High Performance Liquid Chromatograph of Nucleic Acids (DNA and RNA)
High Performance Liquid Chromatography (HPLC) was developed in the late 1960s and early 1970s. Today it is widely applied for separations and purifications in a variety of areas including pharmaceuticals, biotechnology, environmental, polymer and food industries.
HPLC has over the past decade become the method of choice for the analysis of a wide variety of compounds. Its main advantage over gas chromatography is that the analytes do not have to be volatile, so macromolecules are suitable for HPLC analysis.
HPLC is accomplished by injection of a small amount of liquid sample into a moving stream of liquid (called the mobile phase) that passes through a column packed with particles of stationary phase. Separation of a mixture into its components depends on different degrees of retention of each component in the column. The extent to which a component is retained in the column is determined by its partitioning between the liquid mobile phase and the stationary phase. In HPLC this partitioning is affected by the relative solute/stationary phase and solute/mobile phase interactions. Types of HPLC include partition, displacement, normal-phase, reversed-phase, size-exclusion, ion-exchange, and bio-affinity. Changes in mobile and stationary phase composition can have an enormous impact on sample separation. Since the compounds have different mobilities, they exit the column at different times (i.e., they have different retention times). It is important to remember that any changes in operating conditions will affect the retention time which will affect the accuracy of identification.
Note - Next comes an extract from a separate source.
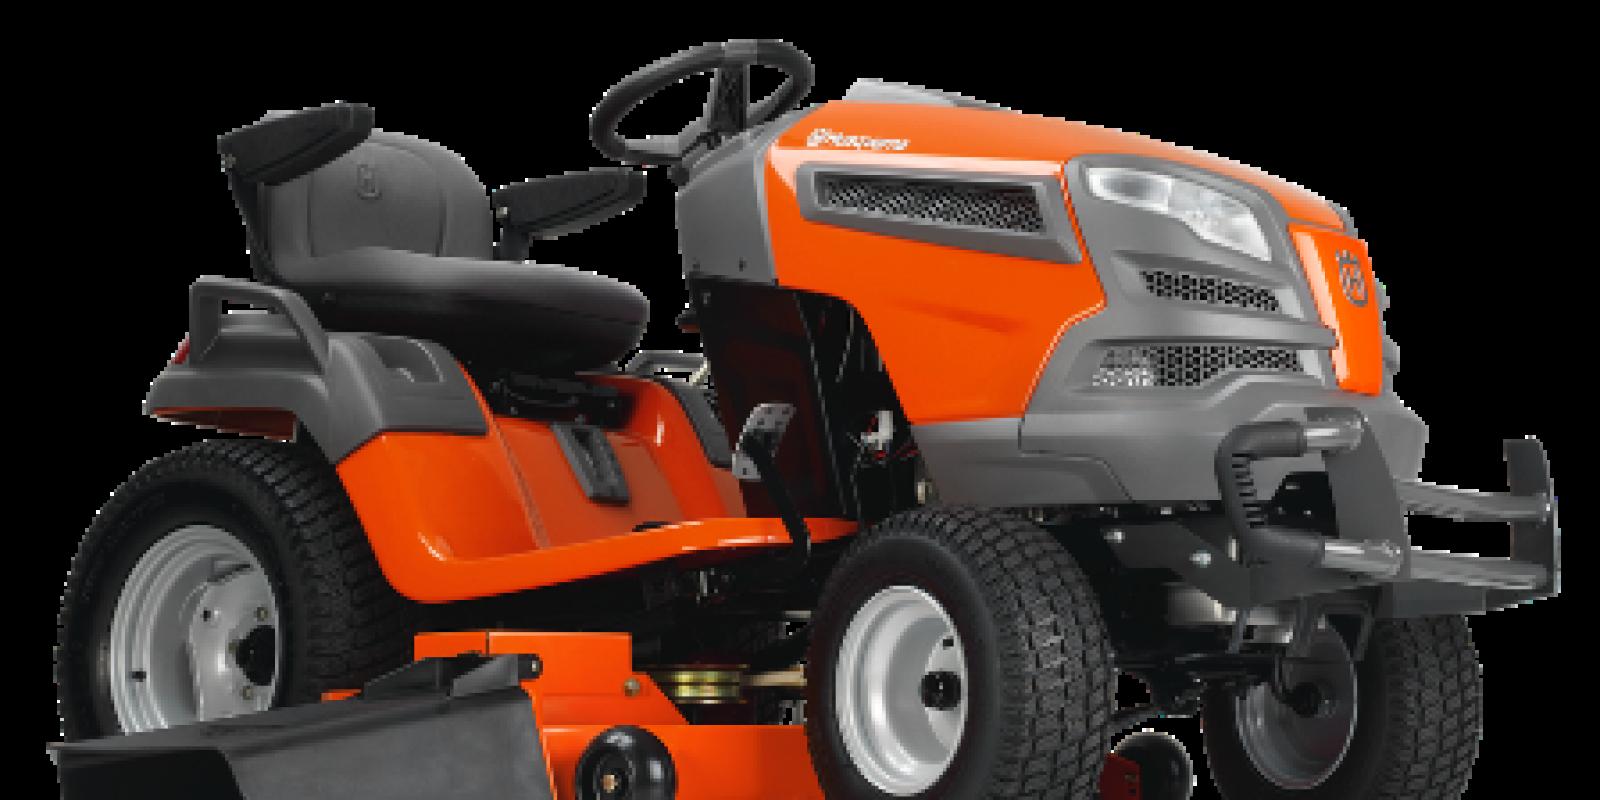 Husqvarna Garden Tractor Gth52xls Satisfy Your Mow Tow

The retention time is the time between injection and detection. There are numerous detectors which can be used in liquid chromatography, depending on the species of interest. It is a device that senses the presence of components different from the liquid mobile phase and converts that information to an electrical signal. For qualitative identification one must rely on matching retention times of known compounds with the retention times of components in the unknown mixture.
Quantitative analysis is often accomplished through analytical HPLC. An automatic injector providing reproducible injection volumes is standard on modern commercial systems. Other components include a mobile phase reservoir (generally a clean solvent bottle), a pump, a sample inlet, a column, a detector with associated electronics, and computer interface. The pump, which is used to deliver precise, reproducible, and constant amount of mobile phase, often operates at pressures ranging from 500 – 5000 psi. These high pressures are needed because the stationary phase column packing consists of small, tightly packed particles. It takes significant pressure to push the mobile phase through this stationary phase at a reasonable flow rate.
Figure 1: Illustrative representation of the utility of HPLC for nucleic acid purification and downstream possibilities.
The purification columns and buffers available from ADS Biotec are utilized in reverse-phase, ion-pairing mode, HPLC. Briefly, a non-polar stationary phase is used in conjunction with an ion-pairing polar, mobile phase to separate nucleic acids. The columns are packed with non-porous polystyrene divinylbenzene (PS-DVB), which provide superior separation when compared to C-18 silica columns. The mobile phase is composed of triethylammonium acetate (TEAA) or hexylammonium acetate (HAA), with and without acetonitrile. The negatively charged nucleic acids pair with the positively charged amine salt in the mobile phase to form a hydrophobic complex, which interacts with the non-polar column [2]. As the concentration of acetonitrile increases, the mobile phase becomes increasingly non-polar until the nucleic acid/amine salt complexes forced from the column and are captured in elution fractions. This effect is directly correlated to the length of the nucleic acids, therefore the longer a sequence is, the longer it will remain on the column and the higher concentration of acetonitrile it will take to elute it from the column.
Figure 2: Graphical representation of nucleic acids complexing with amine salts, prior to binding with the PS-DVB sphere (purple, left).